Firstly, accurate calculation of power losses in the infrastructure is hindered by the difficulties of defining resistances of wires and cables. This circumstance is owing to the uncertainty of the knowledge of the exact topology of end-consumer connections to specific network phases. Typically, grid specifications do not provide this accurate information, adding to the difficulty of the problem. However, certain fundamental topological aspects must be confirmed. In targeted grid operations, verification can be achieved through the implementation of Artificial Intelligence (AI) methods such as neural networks or through the expertise of qualified personnel. An additional hurdle relates to the low resistances of wires and cables, leading to the restricted accuracy of their definitions. But on the other hand, the low resistance of wires causes relatively low losses, many times smaller than illegal losses. As a result, this circumstance simplifies the exact estimation of illegal losses. Both challenges are addressed by representing the entire grid topology using a single-phase equivalent circuit as represented in Figure 1. The topology scheme comprises local transformer T, n number of end-users, power meters, and connecting wires and cables defined by their impedances. End-users are denoted by the letter L, followed by symbols indicating their branching degree from the main line. For instance, loads connected to the main line before the first offshoot are designated by the letter L, followed by an underscore and the number 1, with all subsequent loads in this line ordered sequentially after the minus sign. End-users situated after the first offshoot are identified by two underscore symbols after the minus sign, followed by their sequential order. This principle applies to all users situated at any offshoots.
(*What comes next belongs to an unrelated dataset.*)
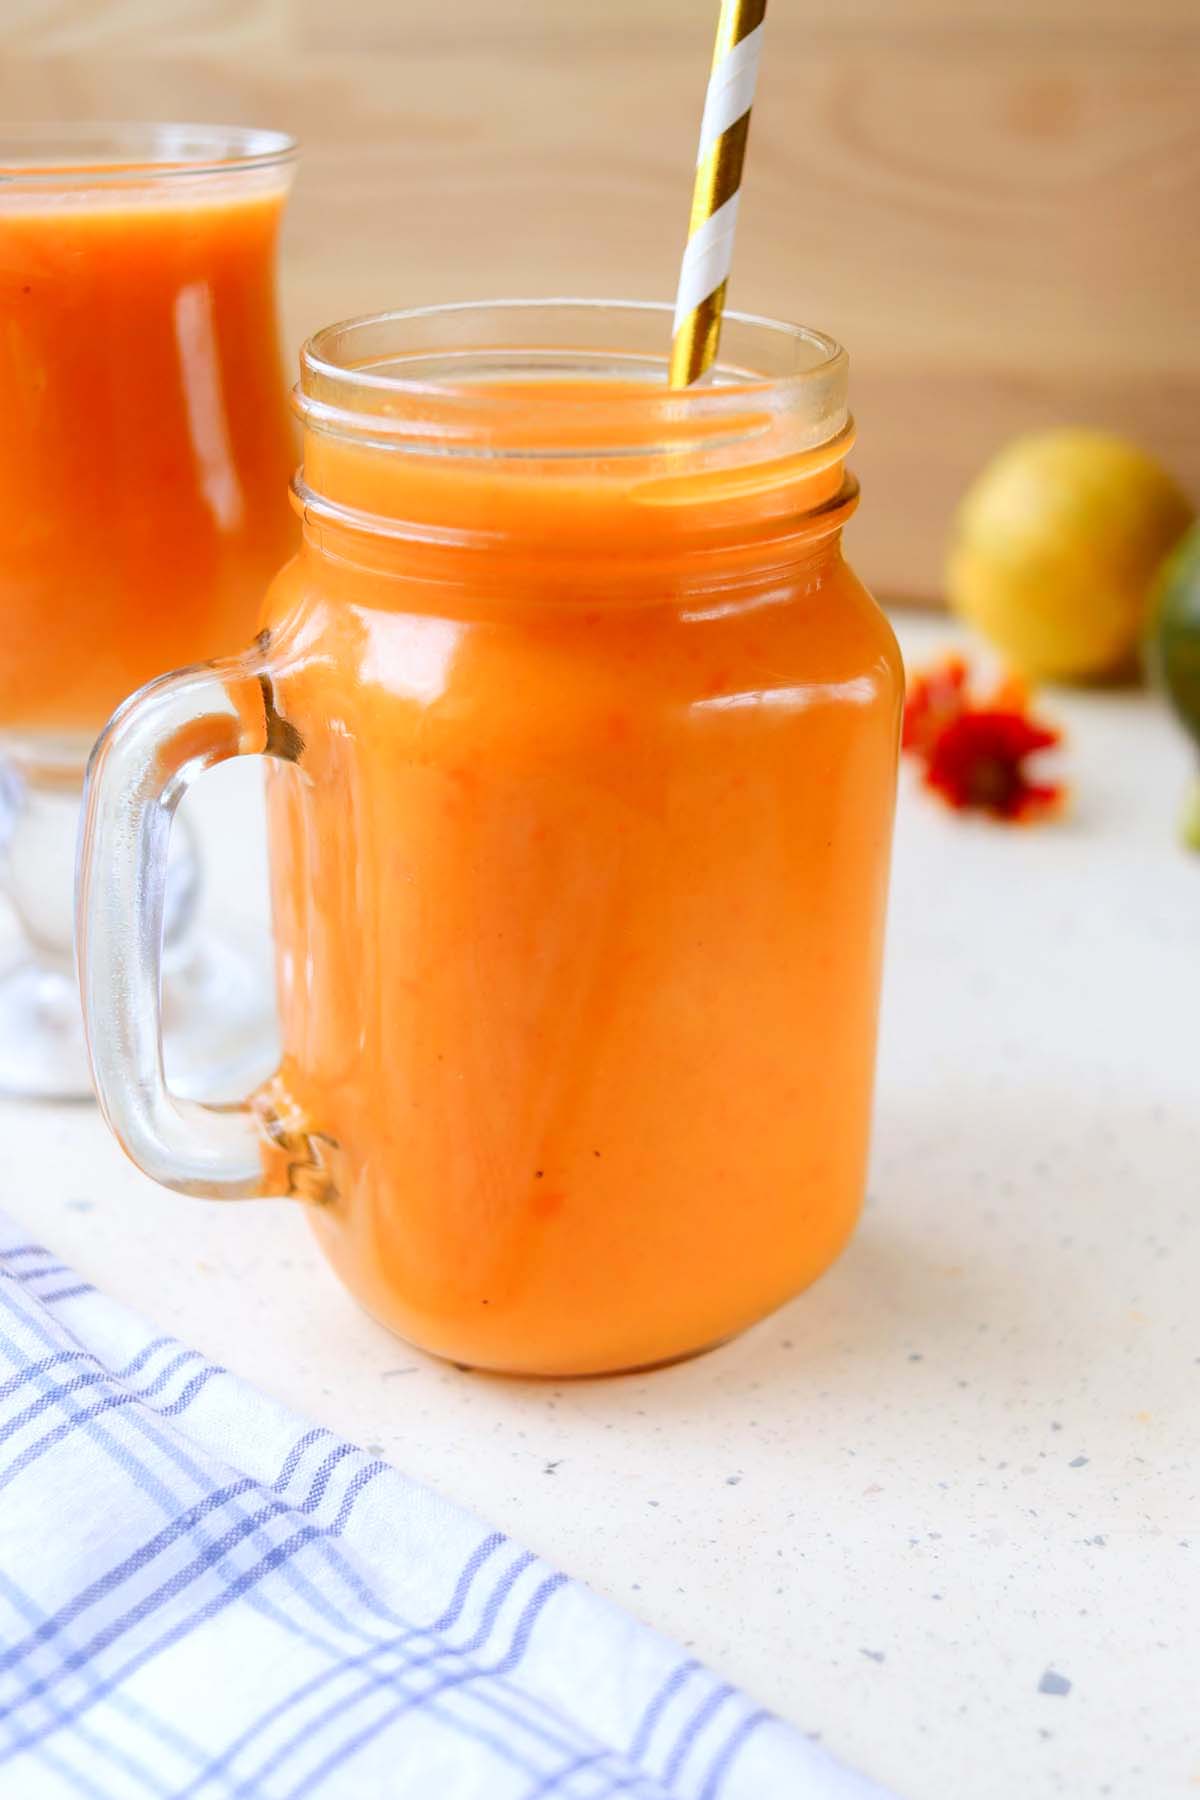 pumpkin smoothie in a jar with a straw.

The same principle of denotation applies to the power meters connected to the corresponding users, with their designation starting with the letter S. Similarly, impedances of connecting wires and cables follow a similar naming convention, commencing with the letter Z.

Given that the simplified scheme may not precisely reflect a network’s topology, inaccuracies can arise when estimating technical losses and unaccounted energy use. To address this, a specialized approach was proposed to mitigate such discrepancies. Any errors stemming from this simplification are alleviated through statistical methods, which involve aggregating multiple energy consumption measurements from all individual end-users.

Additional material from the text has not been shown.